• [REQUIRED ACTION]: From the entries below, return only the lines starting at the one that contains "Das ist die" and ending at the one that contains "1095 steel sword", exactly as they stand.

** Opening PROVIDED RECORDS block **

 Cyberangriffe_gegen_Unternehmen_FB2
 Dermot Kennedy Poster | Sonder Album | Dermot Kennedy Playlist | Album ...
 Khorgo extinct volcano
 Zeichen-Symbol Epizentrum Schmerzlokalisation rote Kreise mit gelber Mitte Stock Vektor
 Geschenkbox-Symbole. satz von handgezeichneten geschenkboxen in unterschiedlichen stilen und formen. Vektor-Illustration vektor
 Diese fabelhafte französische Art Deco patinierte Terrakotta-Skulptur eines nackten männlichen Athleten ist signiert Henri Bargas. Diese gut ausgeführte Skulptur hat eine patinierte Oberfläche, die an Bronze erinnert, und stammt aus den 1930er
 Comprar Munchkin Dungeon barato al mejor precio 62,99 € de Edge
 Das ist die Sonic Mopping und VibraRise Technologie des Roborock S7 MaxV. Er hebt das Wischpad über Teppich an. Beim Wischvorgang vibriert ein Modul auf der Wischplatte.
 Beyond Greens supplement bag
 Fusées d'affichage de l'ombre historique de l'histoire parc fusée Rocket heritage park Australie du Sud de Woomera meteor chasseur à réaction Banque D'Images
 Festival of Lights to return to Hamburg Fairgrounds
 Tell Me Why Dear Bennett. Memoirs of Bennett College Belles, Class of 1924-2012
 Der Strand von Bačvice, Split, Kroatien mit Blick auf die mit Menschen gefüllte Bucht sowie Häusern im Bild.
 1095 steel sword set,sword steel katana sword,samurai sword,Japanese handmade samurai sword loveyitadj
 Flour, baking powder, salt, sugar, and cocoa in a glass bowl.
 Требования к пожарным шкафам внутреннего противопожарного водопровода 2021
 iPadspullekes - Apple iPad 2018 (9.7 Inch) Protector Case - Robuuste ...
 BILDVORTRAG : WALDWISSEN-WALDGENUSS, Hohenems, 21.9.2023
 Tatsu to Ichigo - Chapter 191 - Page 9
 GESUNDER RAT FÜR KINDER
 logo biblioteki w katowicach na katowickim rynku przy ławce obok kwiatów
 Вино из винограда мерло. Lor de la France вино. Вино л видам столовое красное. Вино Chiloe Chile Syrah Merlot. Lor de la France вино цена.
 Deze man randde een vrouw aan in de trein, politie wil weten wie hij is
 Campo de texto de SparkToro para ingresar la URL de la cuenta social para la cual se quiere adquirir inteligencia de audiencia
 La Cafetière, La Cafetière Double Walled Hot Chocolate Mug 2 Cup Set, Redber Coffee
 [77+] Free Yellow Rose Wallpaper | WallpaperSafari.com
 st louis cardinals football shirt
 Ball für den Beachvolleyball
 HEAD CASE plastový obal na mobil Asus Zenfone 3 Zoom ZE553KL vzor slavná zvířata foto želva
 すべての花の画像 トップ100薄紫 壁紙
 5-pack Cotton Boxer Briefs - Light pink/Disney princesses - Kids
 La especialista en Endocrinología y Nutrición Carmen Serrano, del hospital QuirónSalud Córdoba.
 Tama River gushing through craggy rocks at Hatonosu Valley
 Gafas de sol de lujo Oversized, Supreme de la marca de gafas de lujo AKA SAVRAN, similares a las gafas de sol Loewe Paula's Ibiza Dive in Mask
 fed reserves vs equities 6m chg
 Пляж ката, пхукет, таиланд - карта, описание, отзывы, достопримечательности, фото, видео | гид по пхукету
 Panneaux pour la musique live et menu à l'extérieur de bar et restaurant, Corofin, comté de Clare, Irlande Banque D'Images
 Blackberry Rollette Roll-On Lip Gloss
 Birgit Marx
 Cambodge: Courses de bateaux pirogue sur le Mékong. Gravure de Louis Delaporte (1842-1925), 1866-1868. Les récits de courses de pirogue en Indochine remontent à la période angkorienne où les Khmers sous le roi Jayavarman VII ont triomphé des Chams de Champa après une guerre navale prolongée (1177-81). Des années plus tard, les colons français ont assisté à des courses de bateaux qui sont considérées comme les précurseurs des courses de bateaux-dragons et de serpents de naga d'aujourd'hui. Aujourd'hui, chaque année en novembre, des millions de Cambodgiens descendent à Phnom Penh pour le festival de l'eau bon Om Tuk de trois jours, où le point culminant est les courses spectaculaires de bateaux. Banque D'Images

** Closing PROVIDED RECORDS block **

• [RESPONSE AREA]:
 Das ist die Sonic Mopping und VibraRise Technologie des Roborock S7 MaxV. Er hebt das Wischpad über Teppich an. Beim Wischvorgang vibriert ein Modul auf der Wischplatte.
 Beyond Greens supplement bag
 Fusées d'affichage de l'ombre historique de l'histoire parc fusée Rocket heritage park Australie du Sud de Woomera meteor chasseur à réaction Banque D'Images
 Festival of Lights to return to Hamburg Fairgrounds
 Tell Me Why Dear Bennett. Memoirs of Bennett College Belles, Class of 1924-2012
 Der Strand von Bačvice, Split, Kroatien mit Blick auf die mit Menschen gefüllte Bucht sowie Häusern im Bild.
 1095 steel sword set,sword steel katana sword,samurai sword,Japanese handmade samurai sword loveyitadj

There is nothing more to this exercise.